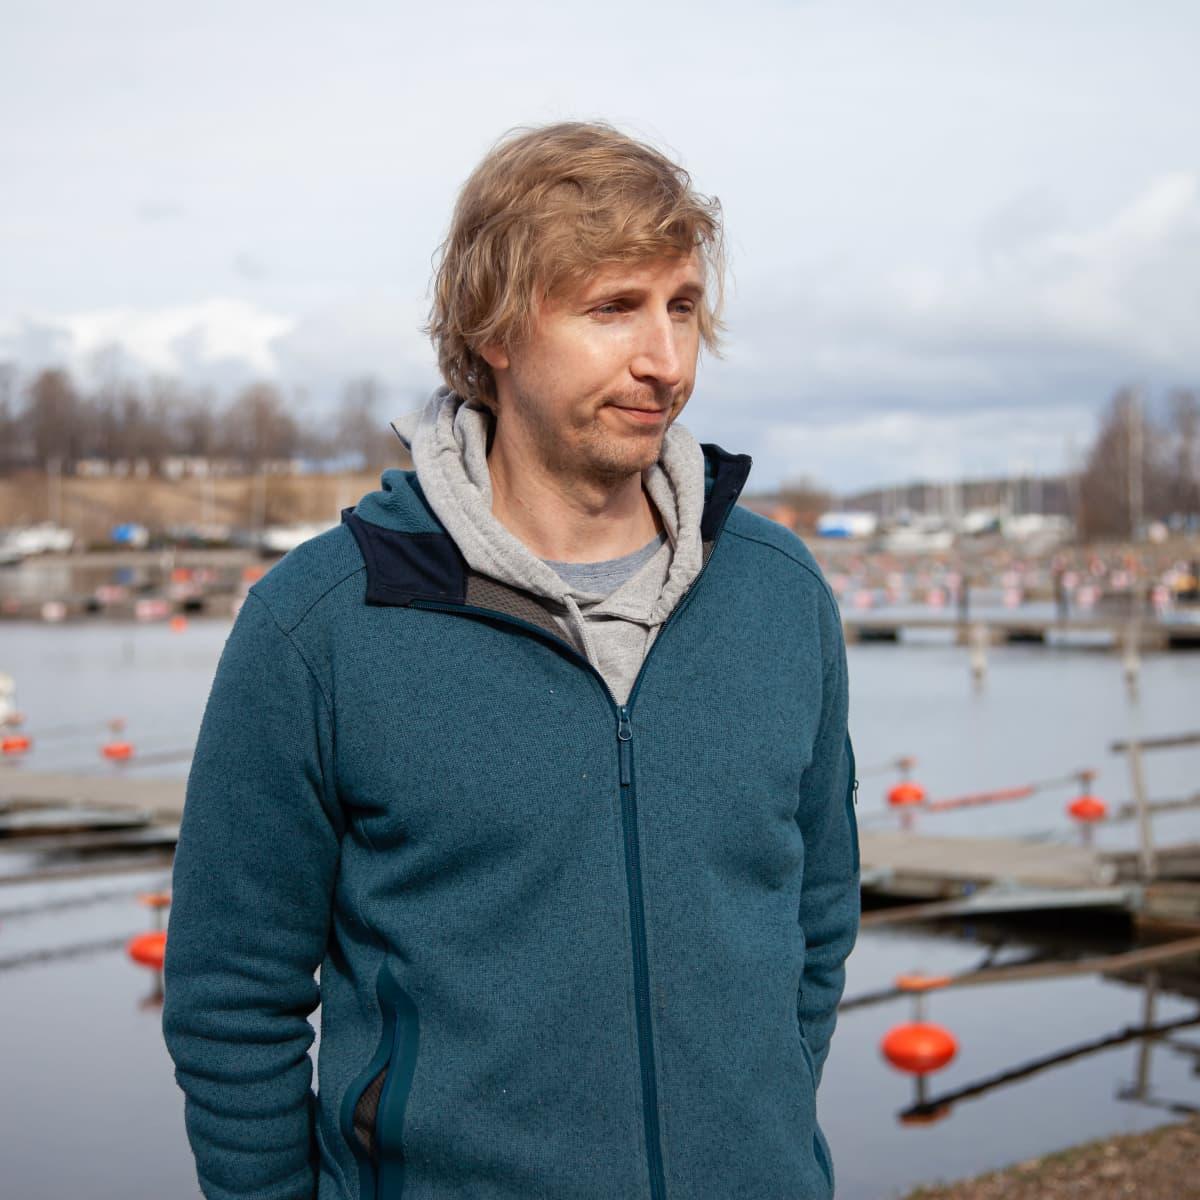 Kristian Raij
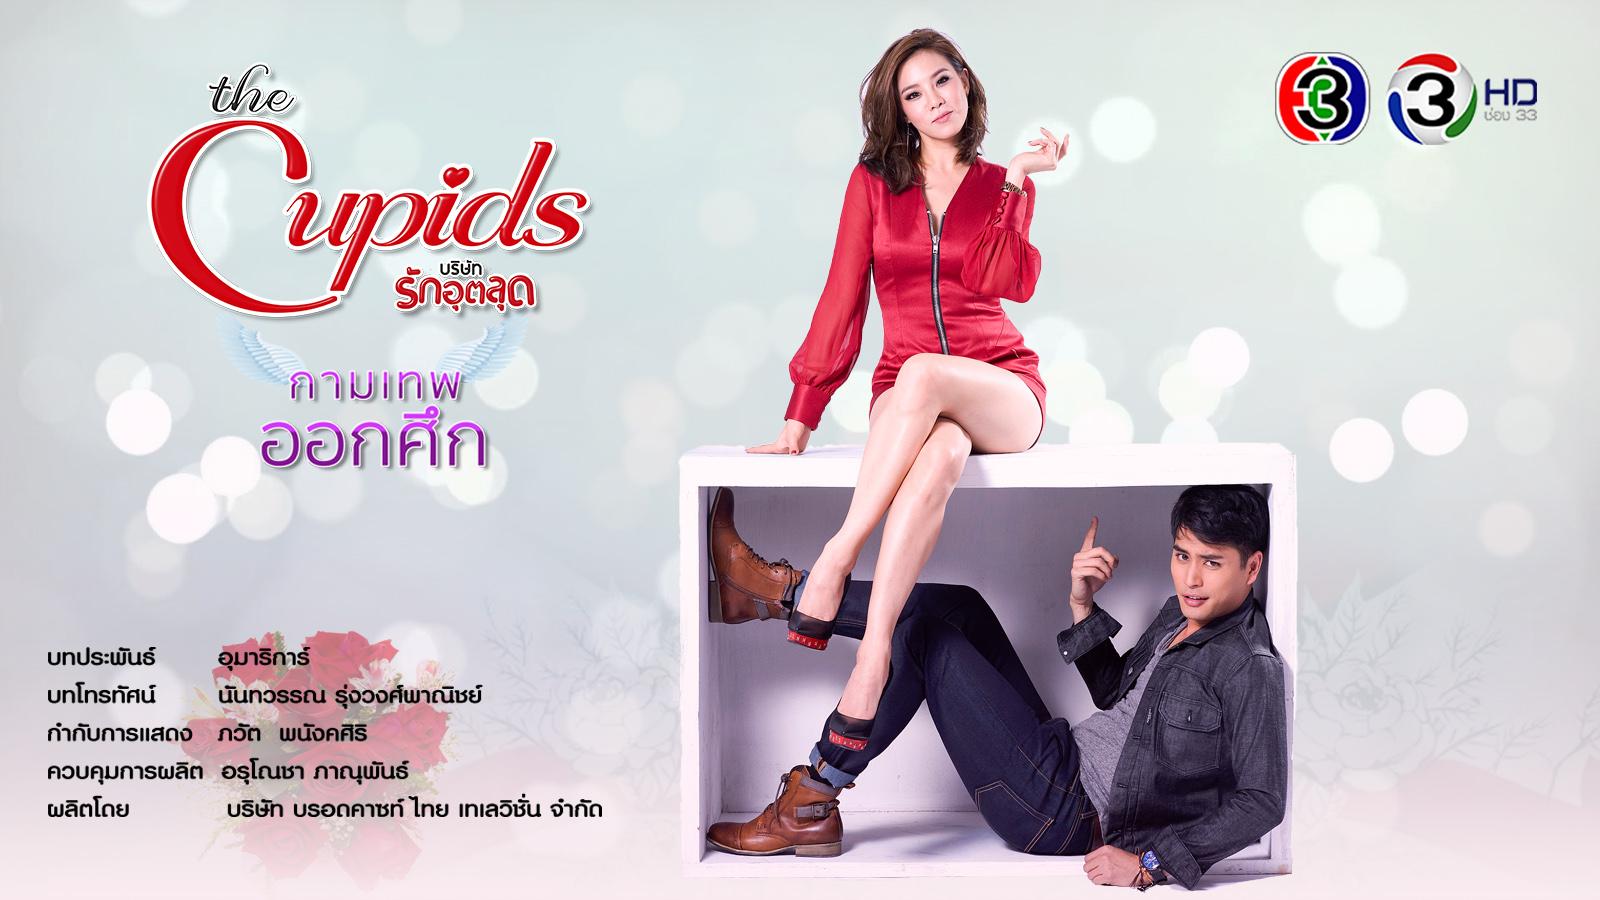 【泰剧在线】2017《The Cupids Series-战斗丘比特》Cris&Punjan(中字完结)
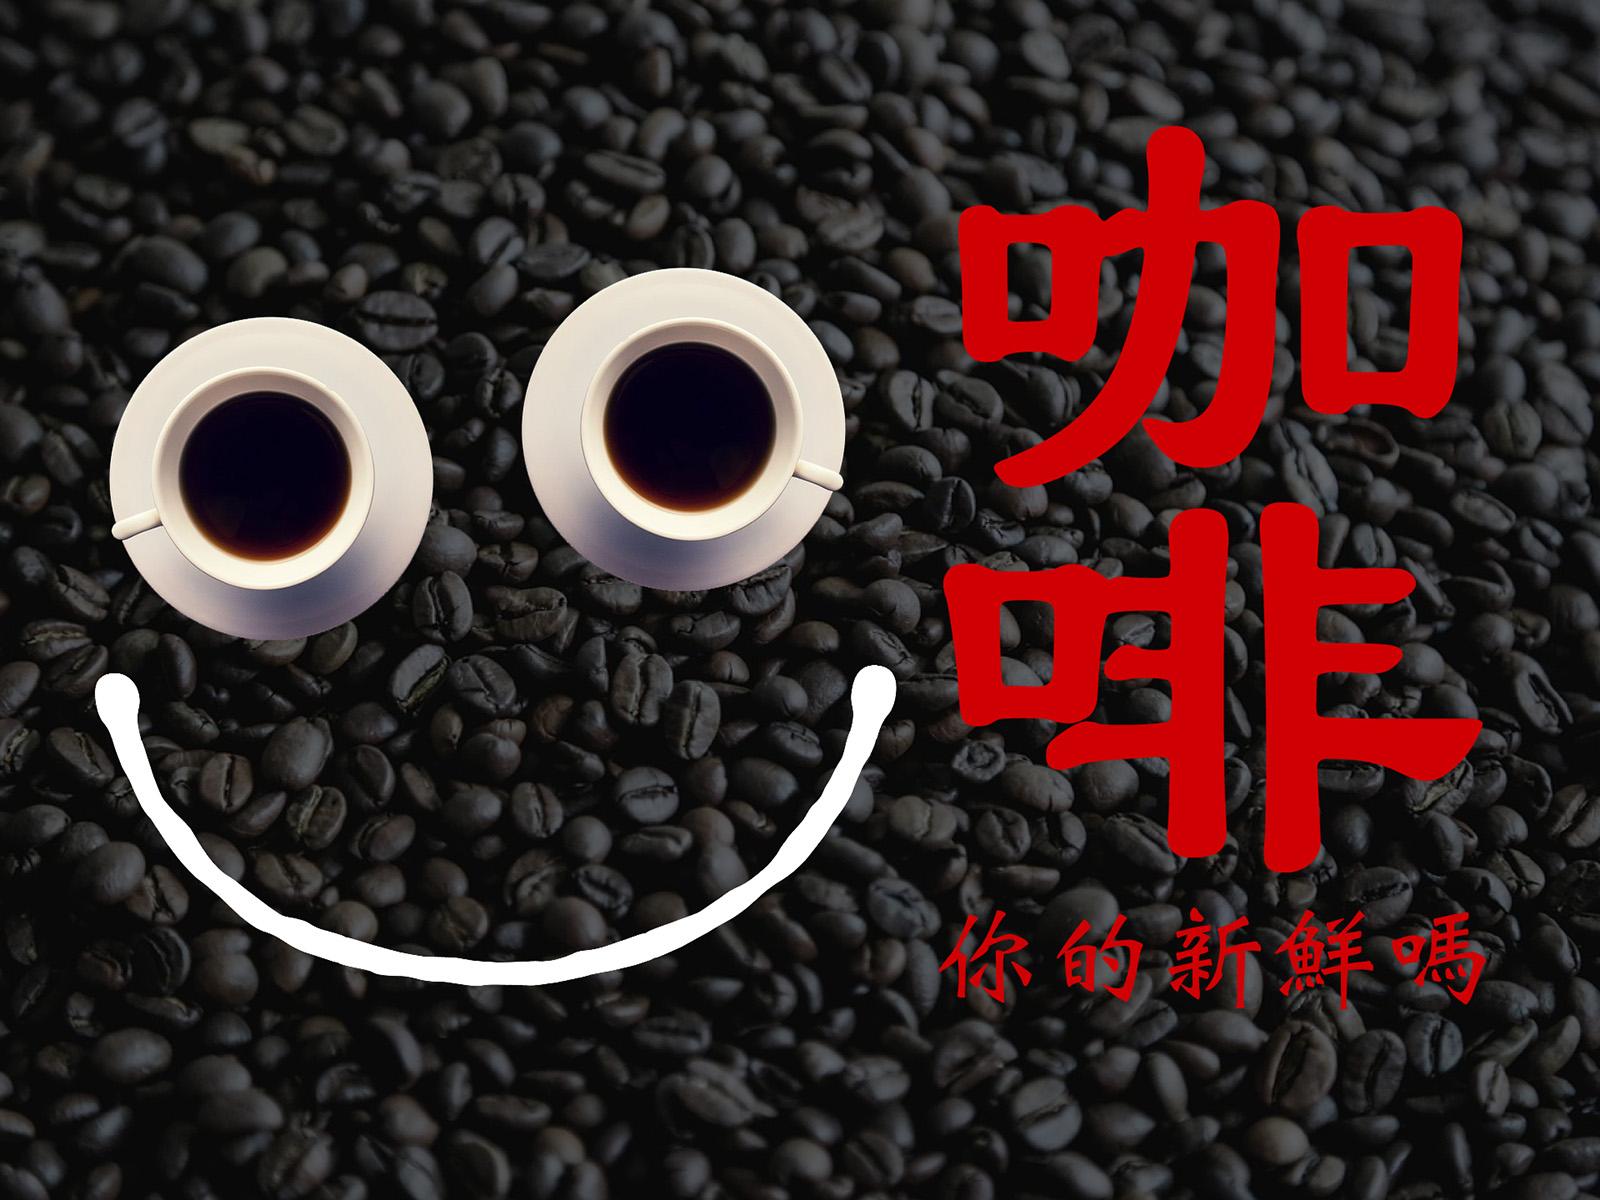 你知道喝了不新鮮的咖啡會怎樣嗎?腎小管細胞可能壞死

• Problem statement:
Set down every line above exactly, pictures excluded.

• Result of the exercise:
 Kristian Raij
 【泰剧在线】2017《The Cupids Series-战斗丘比特》Cris&Punjan(中字完结)
 你知道喝了不新鮮的咖啡會怎樣嗎?腎小管細胞可能壞死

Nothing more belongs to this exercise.